Nestin-GFP reporter expression defines the quiescent state of skeletal muscle satellite cells.

作者信息

Day Kenneth, Shefer Gabi, Richardson Joshua B, Enikolopov Grigori, Yablonka-Reuveni Zipora

机构信息

Department of Biological Structure, University of Washington School of Medicine, Seattle, WA 98195, USA.

出版信息

Dev Biol. 2007 Apr 1;304(1):246-59. doi: 10.1016/j.ydbio.2006.12.026. Epub 2006 Dec 15.

Abstract

Repair of adult skeletal muscle depends on satellite cells, quiescent myogenic stem cells located beneath the myofiber basal lamina. Satellite cell numbers and performance decline with age and disease, yet the intrinsic molecular changes accompanying these conditions are unknown. We identified expression of GFP driven by regulatory elements of the nestin (NES) gene within mouse satellite cells, which permitted characterization of these cells in their niche.
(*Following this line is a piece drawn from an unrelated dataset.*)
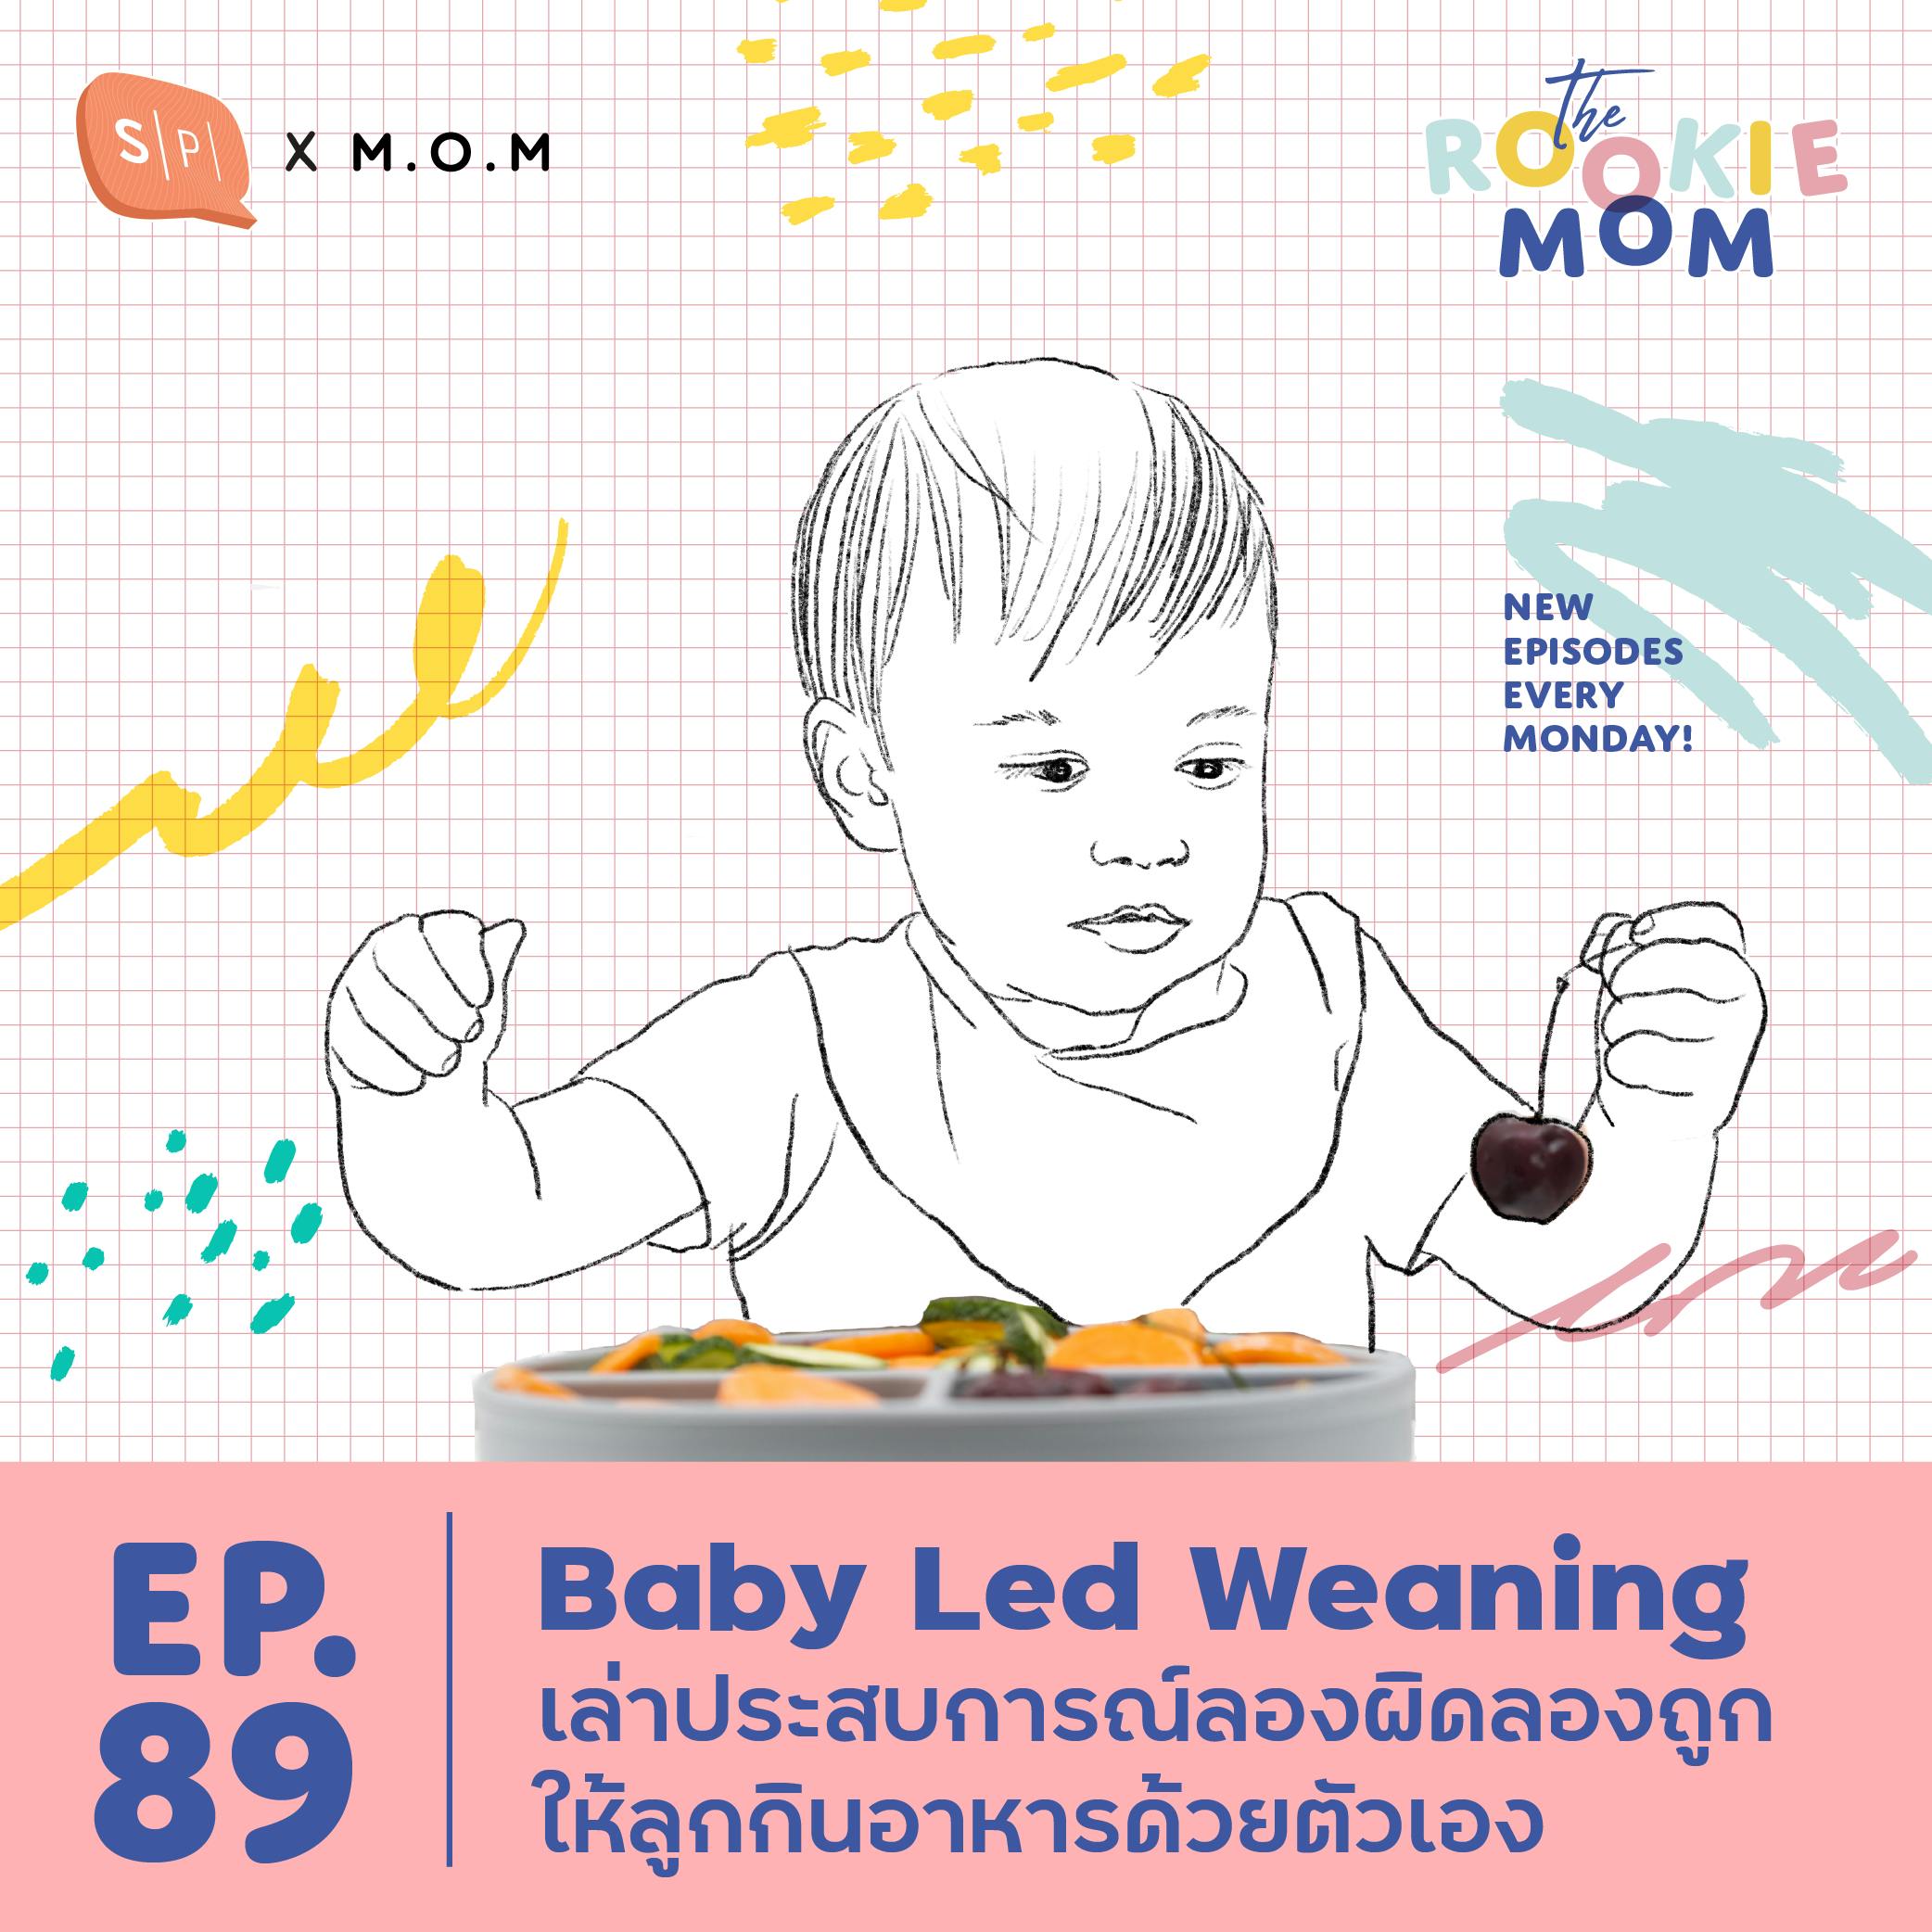 Baby Led Weaning เล่าประสบการณ์ลองผิดลองถูกให้ลูกกินอาหารด้วยตัวเอง | EP89

Sorted NES-GFP+ cells exclusively acquired a myogenic fate, even when supplemented with media supporting non-myogenic development. Mutual and unique gene expression by NES-GFP+ cells from hindlimb and diaphragm muscles demonstrated intra- and inter-muscular heterogeneity of satellite cells. NES-GFP expression declined following satellite cell activation and was reacquired in late stage myogenic cultures by non-proliferating Pax7+ progeny. The dynamics of this expression pattern reflect the cycle of satellite cell self-renewal. The NES-GFP model reveals unique transcriptional activity within quiescent satellite cells and permits novel insight into the heterogeneity of their molecular signatures.

摘要

成年骨骼肌的修复依赖于卫星细胞,即位于肌纤维基底层下方的静止肌源性干细胞。卫星细胞的数量和功能会随着年龄增长和疾病而下降,但伴随这些情况的内在分子变化尚不清楚。我们在小鼠卫星细胞中鉴定出由巢蛋白(NES)基因调控元件驱动的绿色荧光蛋白(GFP)表达,这使得能够在其微环境中对这些细胞进行表征。分选得到的NES-GFP+细胞即使在添加支持非肌源性发育的培养基时,也仅获得肌源性命运。来自后肢和膈肌的NES-GFP+细胞的相互和独特基因表达证明了卫星细胞的肌肉内和肌肉间异质性。卫星细胞激活后NES-GFP表达下降,在晚期肌源性培养中由不增殖的Pax7+子代重新获得。这种表达模式的动态变化反映了卫星细胞自我更新的循环。NES-GFP模型揭示了静止卫星细胞内独特的转录活性,并为深入了解其分子特征的异质性提供了新的视角。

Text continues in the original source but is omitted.